Pir Budhan Shah, who helped Guru Gobind Singh against mughals in the 1688 battle of Bhangani in which all four sons of Shah were killed, has a gurdwara here named after him.

At present, 40-feet high mound survives narrating the past historic glory of Sadhaura and its fort.

The town also has a tomb of Shah Kumesh constructed in 1450 AD and a mosque from 1600 AD where an annual fair is held that was started by Bairam Khan in 1556 AD. Another ruined, "Sagni mosque", from ??th century lies in ruins.

There are also three old temples with sacred johad water ponds: Gaggarwala temple, Toronwala temple and Manokamna temple.

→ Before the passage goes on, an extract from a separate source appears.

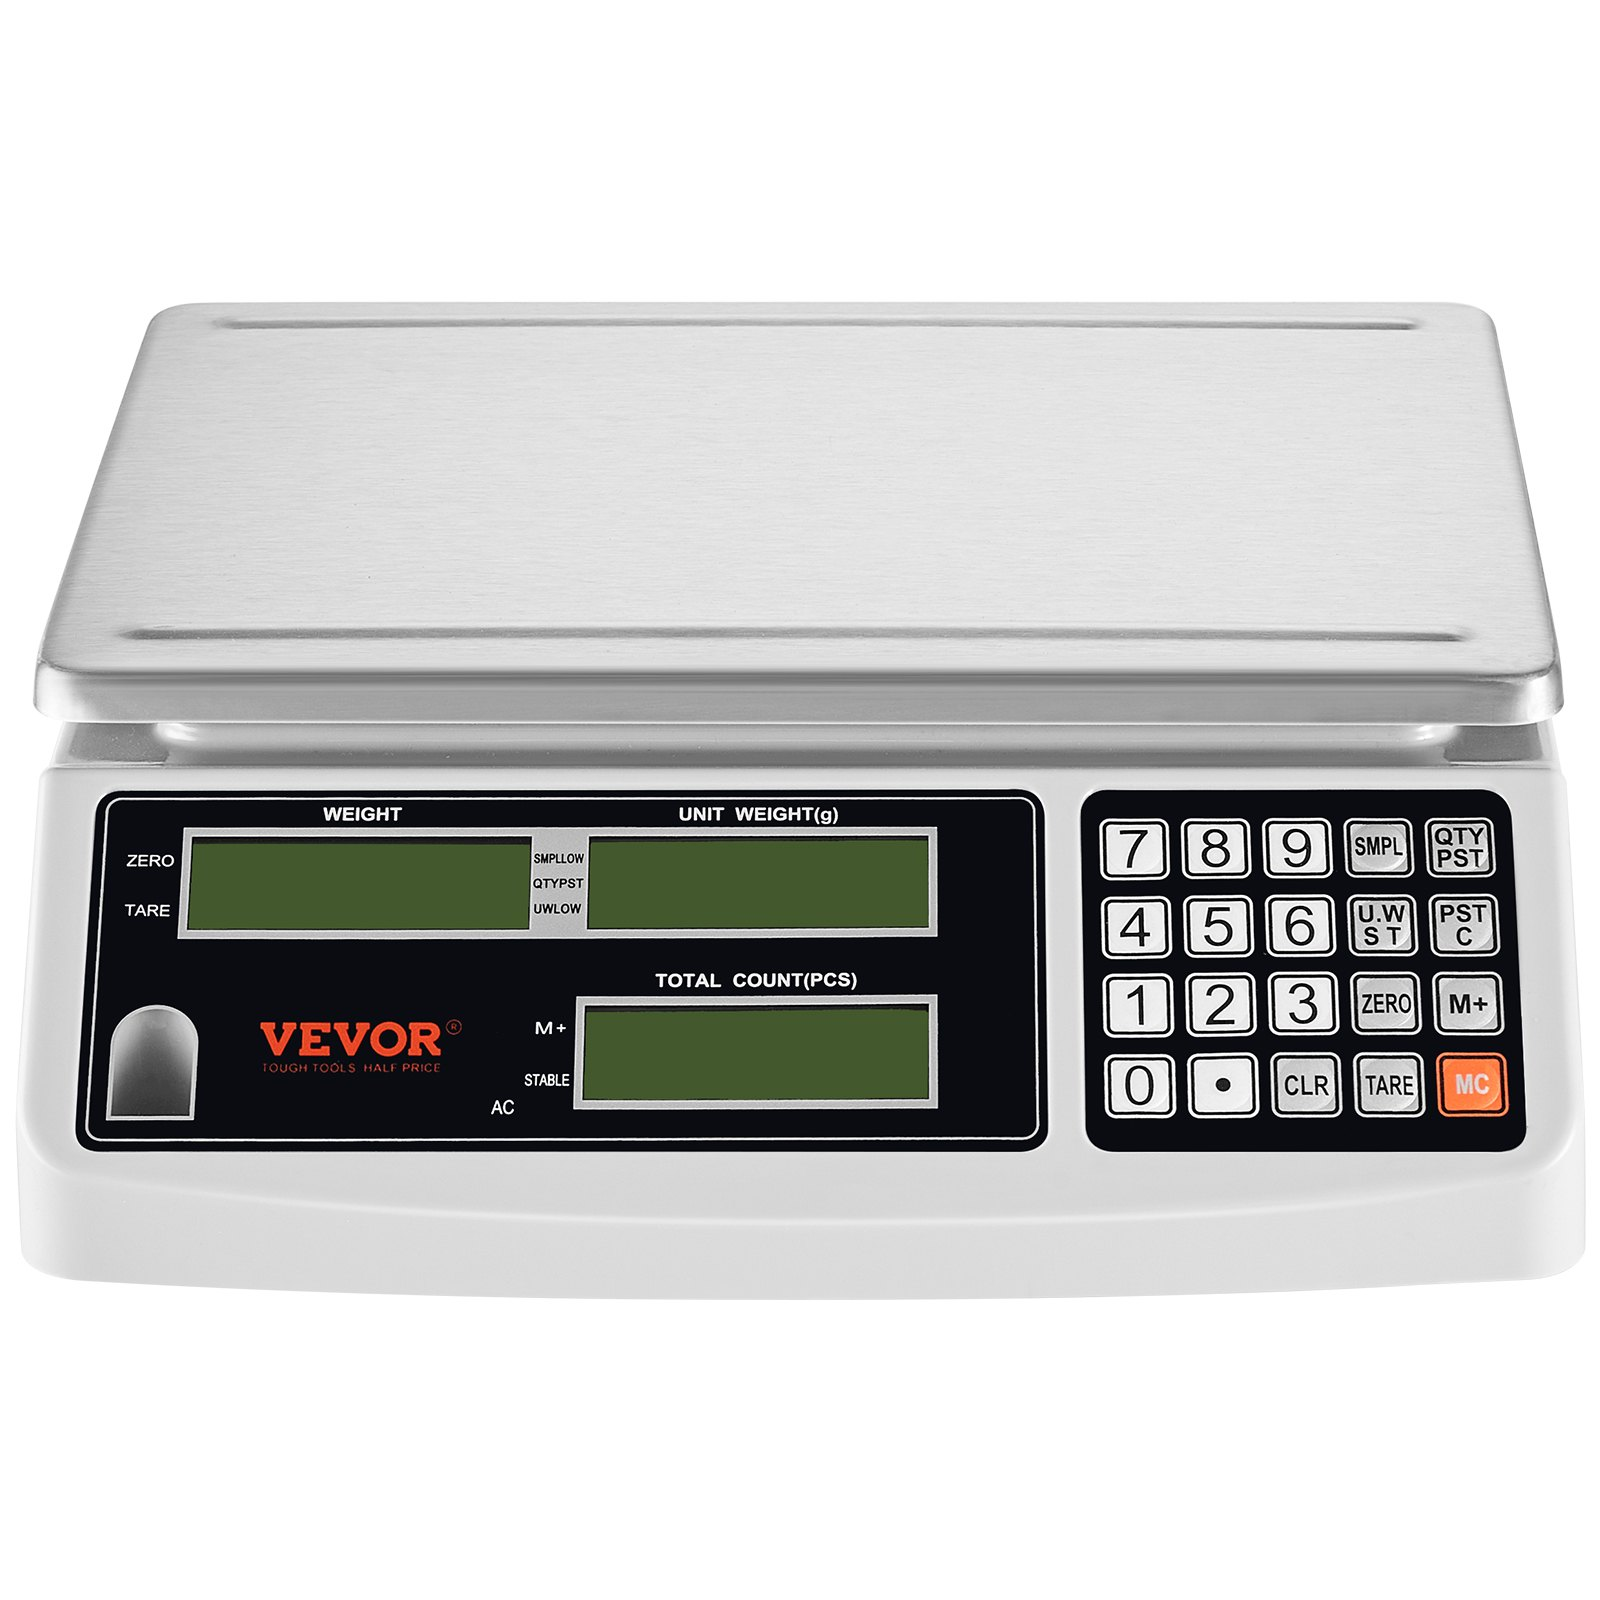 VEVOR Industrial Counting Scale, 30 kg x 1 g, Digital Scale for Parts and Coins, g/kg/lb Units, Electronic Gram Scale Inventory Piece Counting Scale Kitchen Jewelry Counting Scale with 3 LCD Screens, Goodies N Stuff

Nearby historic places include Buddhist Stupa at Chaneti, Buria - a town with connections to Birbal, Adi Badri Sarasvati udgam Sthal, Lohgarh Sikh capital of Banda Singh Bahadur.

==Demographics==
As of 2011 India census, Sadaura had a population of 25,693. Males constitute 53% of the population and females 47%. Sadaura has an average literacy rate of 82%, higher than the national average of 59.5%: male literacy is 76%, and female literacy is 66%. In Sadaura, 21% of the population is under 6 years of age.

==Sadhaura Fort==
Sadaura Fort is an ancient fort in Sadaura, as seen here.

==Gurudwaras==
Gurdwara Baba Banda Bahadur, also sometimes known as Quila Gurdwara and Gurdwara Qatalgarh is the ancient privately managed
gurudwara named after Banda Singh Bahadur.

Gurdwara Pir Buddhu Shah was built by local Sikh Singh Sabha more recently
in honour of Pir Budhan Shah.

Gurudwara shri singh sabha ji was built by local Sikh, now its maintained by nabour Sikhs.